Question : Quelle stratégie pourrait être adoptée pour attirer davantage d’investissements étrangers dans le secteur minier en Mauritanie, compte tenu de ses vastes réserves minières ?
Ahmed El Hassen : Cette stratégie doit être axée sur un code minier clair et attractif. Elle doit aussi permettre l’accès à l’énergie à bon marché, ainsi que les infrastructures et moyens de transport. Elle doit aussi viser l’augmentation de la participation de l’état mauritanien dans les permis en améliorant la connaissance des gisements potentiels.
La stratégie nationale dans ce sens doit viser un allégement des procédures d’octroi des permis et de recouvrement des redevances, tout en préservant l’intérêt du pays. Il faut savoir que le développement des Mines nécessite d’importants moyens techniques et financiers que notre pays ne peut pas mobiliser.
Enfin pour attirer les investissements étrangers, il faut éviter les erreurs passées avec GLENCORE (sur ASKAF) et avec d’autres qui ont manifesté leur intérêt pour obtenir des permis sans succès.
A ce sujet, je veux donner l’exemple du CHILI où il y a des investissements miniers importants Américains, Chinois et Indiens côte à côte. Ce pays impose à tous sa souveraineté sur son sous-sol et chacun trouve son compte dans un partenariat gagnant-gagnant.
Question : Quel impact la numérisation et les technologies émergentes peuvent-elles avoir sur l’industrie minière en Mauritanie et comment le pays peut-il tirer profit de ces avancées ?
Ahmed El Hassen : Depuis longtemps, l’industrie minière utilise à fond les nouvelles technologies de l’information (modélisation 3D, IOT, imageries satellitaires, Drones).
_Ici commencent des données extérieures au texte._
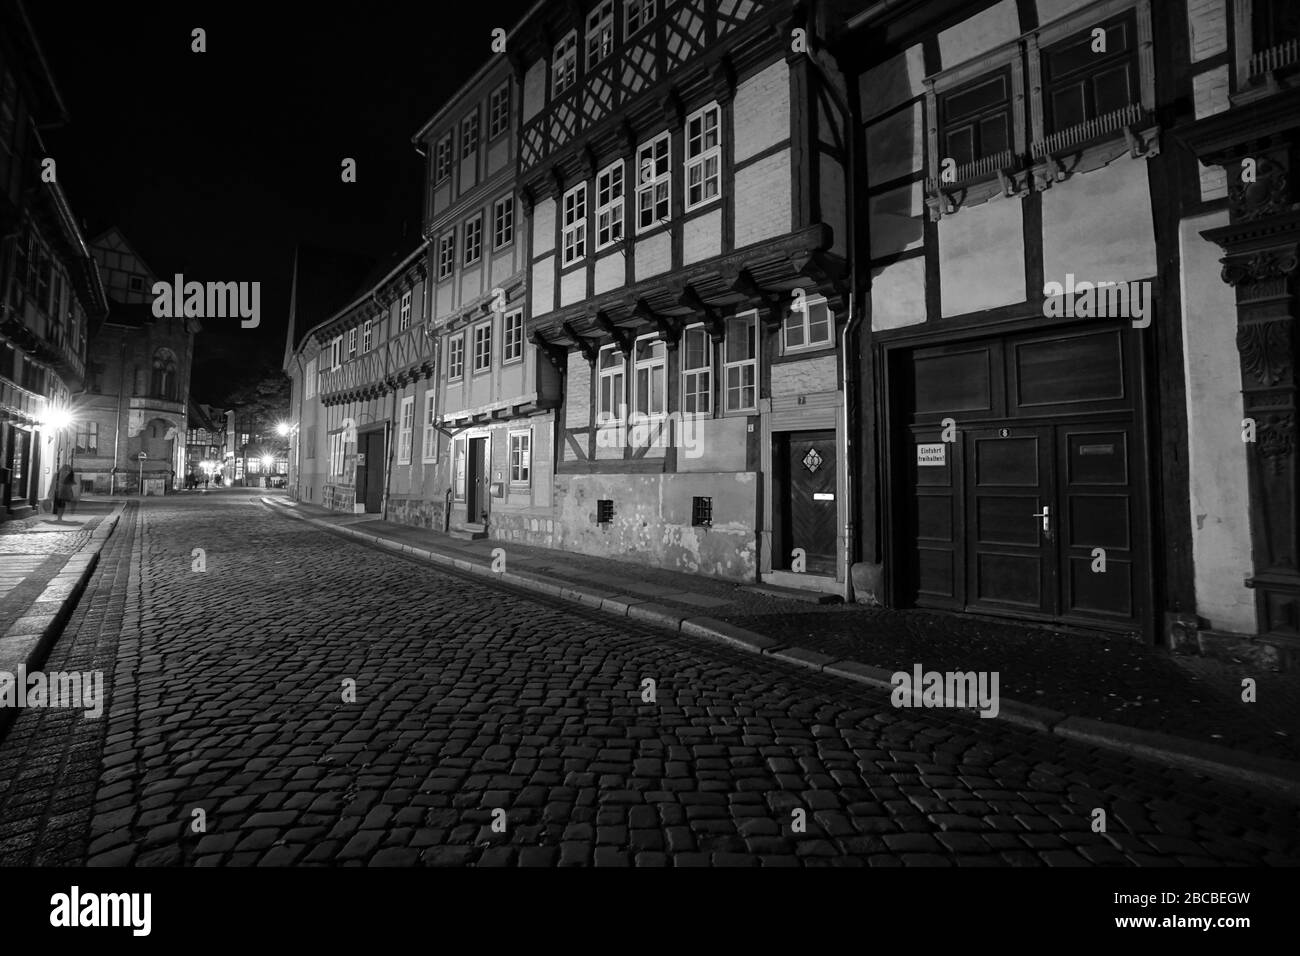 Image spectaculaire en noir et blanc d'une voie pavée entre maisons à colombages la nuit sur le site du patrimoine mondial de l'UNESCO, Quedlinburg Banque D'Images

Ces technologies sont aujourd’hui plus accessibles qu’avant à tout le monde et nos jeunes informaticiens travaillent avec ces outils aussi bien en Mauritanie que dans les plus prestigieuses institutions dans plusieurs pays du monde.
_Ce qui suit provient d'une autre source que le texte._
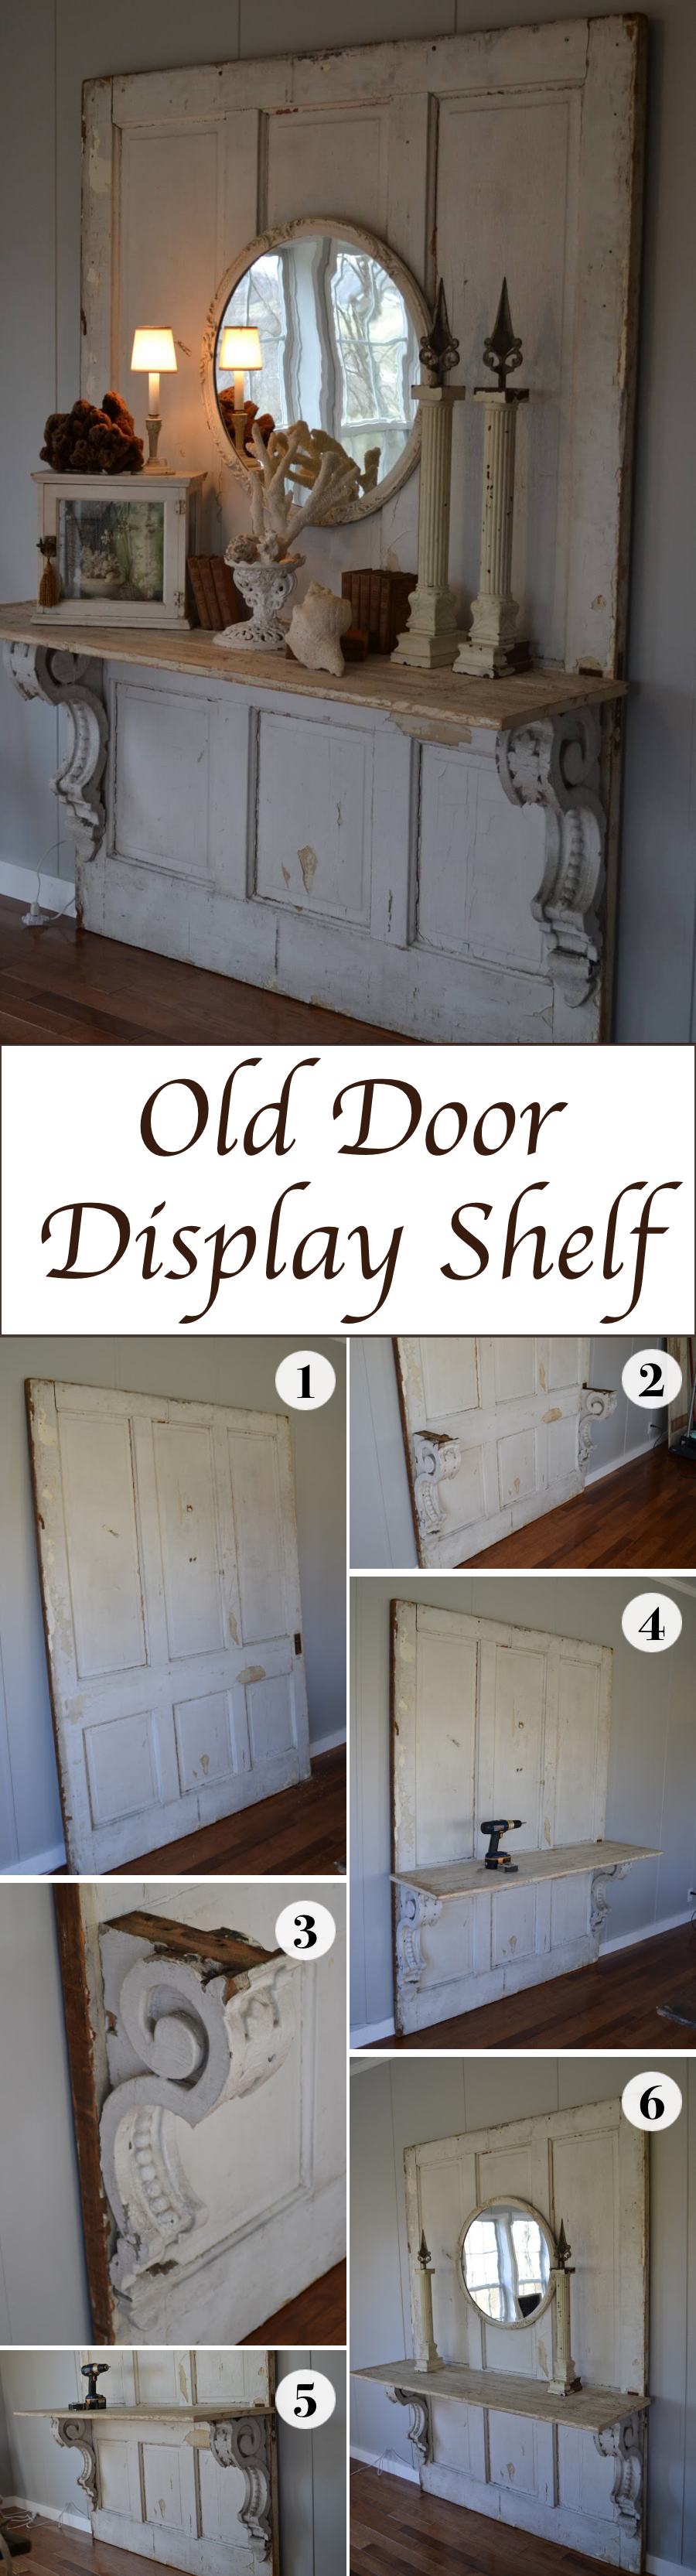 Old Door Display Shelf DIY

Question : Quelles leçons peuvent être tirées des expériences d’autres pays dans le développement de leur secteur minier, et comment ces enseignements pourraient-ils être appliqués en Mauritanie ?
Ahmed El Hassen : Nous devons s’inspirer des codes miniers et des conventions minières des pays amis qui ont le même contexte que nous, comme la Côte d’ivoire, le Ghana ou l’Égypte. Certains de ses pays ne signent pas des conventions supérieures à 12-15 ans, quitte à les renouveler souvent. Rarement les conventions s’étalent sur 30-35 ans, car il ne faut pas tuer l’avenir.
Question : Enfin, quelles seraient vos recommandations prioritaires pour stimuler la croissance et le développement durables de l’industrie minière en Mauritanie dans les années à venir ?
Ahmed El Hassen : La croissance durable de l’industrie minière en Mauritanie ne doit pas avoir comme objectif essentiel d’apporter des ressources financières à l’état sous forme de taxes ; mais surtout résorber le chômage de la jeunesse (diplômés et autres), en facilitant autant se faire que peu l’ouverture des gisements. Par ailleurs, en améliorant la connaissance des gisements, l’ANARPAM peut augmenter sa part dans les permis de 30-40%, avant de les partager avec les promoteurs potentiels et asseoir ainsi un partenariat gagnant-gagnant avec ces entreprises.